◆ Aim of the exercise ◆
Starting at the line holding "TRAVAIL CONTEMPORAIN 异国情调的木质贴面会议桌" and finishing at the line holding "高_74厘米，宽_200厘米，深_200厘米", transcribe the material exactly, keeping both ends but no pictures.
*** Opening Supplied material ***
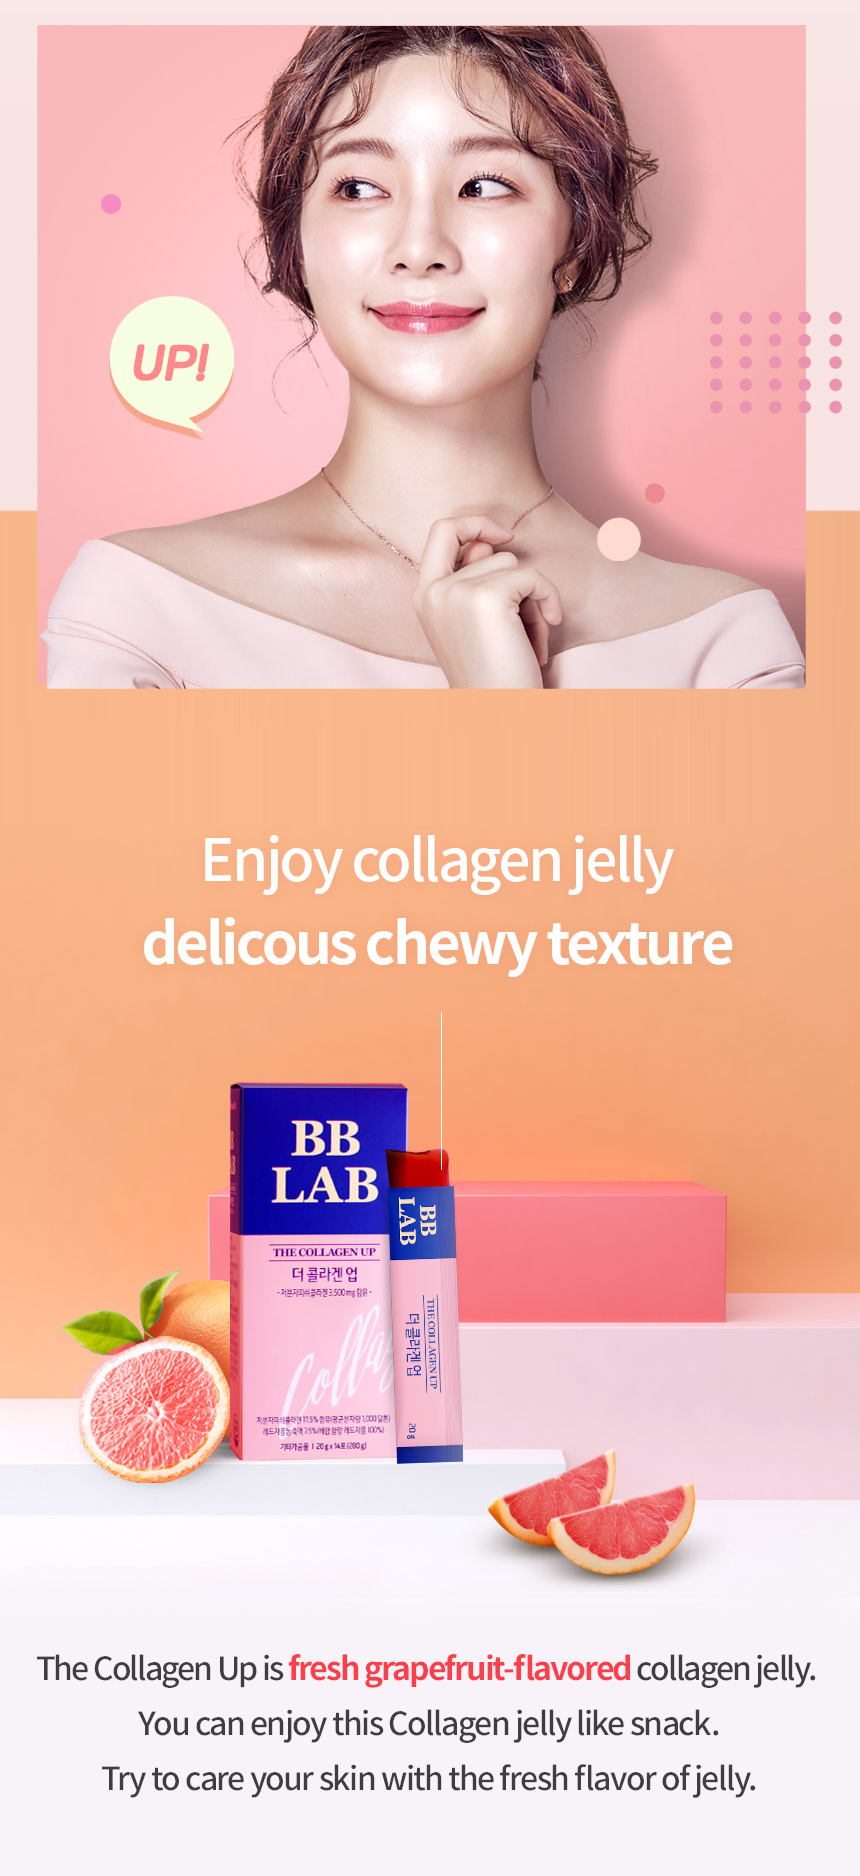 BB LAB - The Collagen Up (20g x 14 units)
*** Closing Supplied material ***
*** Opening Supplied material ***
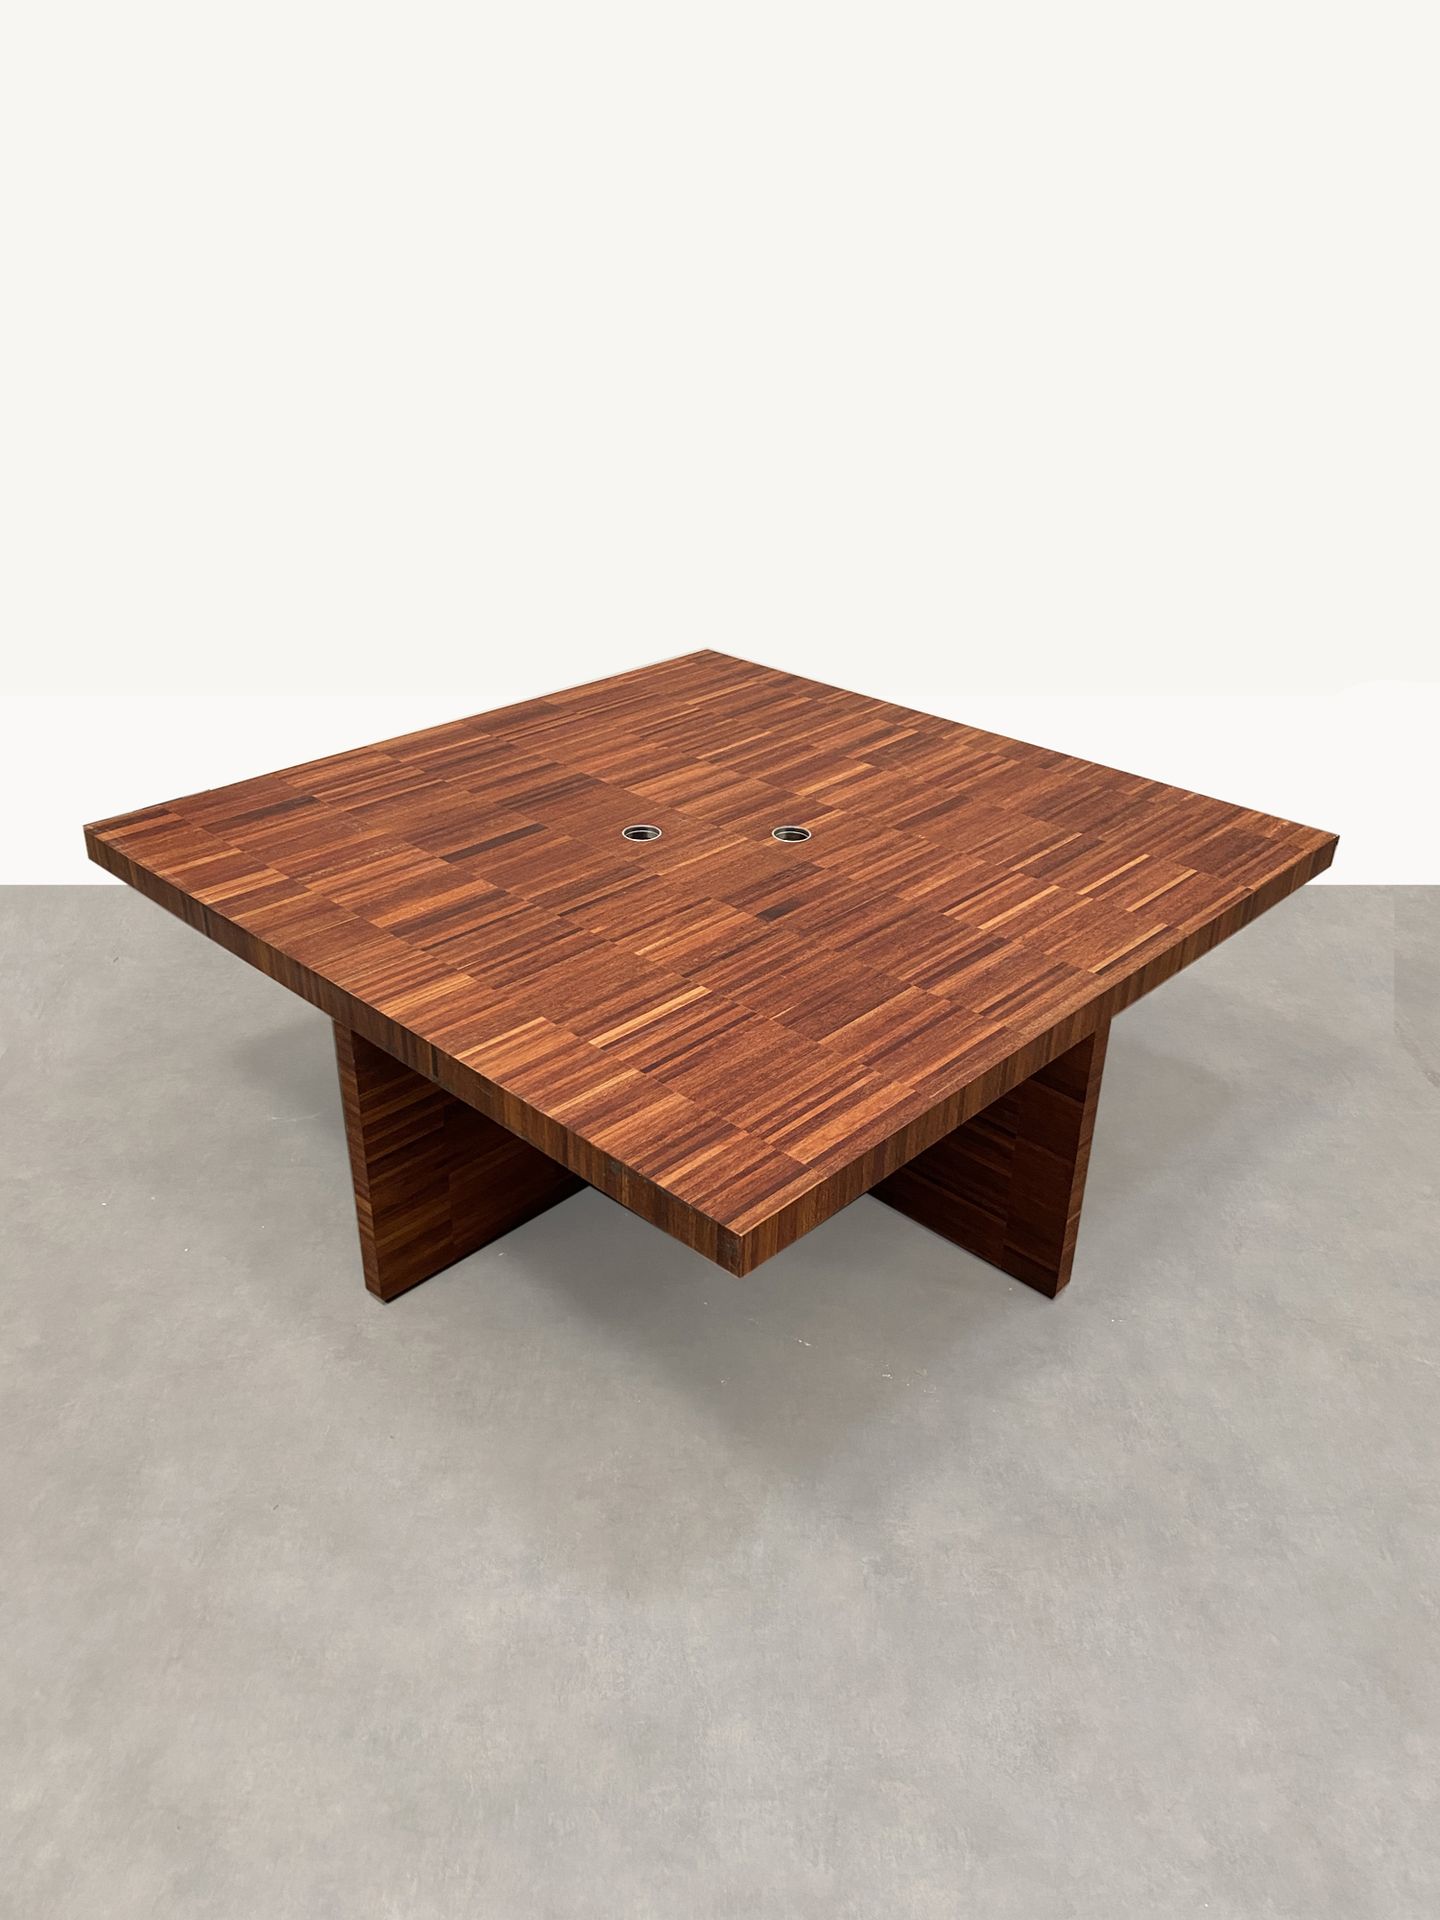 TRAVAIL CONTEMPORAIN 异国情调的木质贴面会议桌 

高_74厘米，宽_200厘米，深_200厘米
*** Closing Supplied material ***
◆ Task answer ◆
 TRAVAIL CONTEMPORAIN 异国情调的木质贴面会议桌 

高_74厘米，宽_200厘米，深_200厘米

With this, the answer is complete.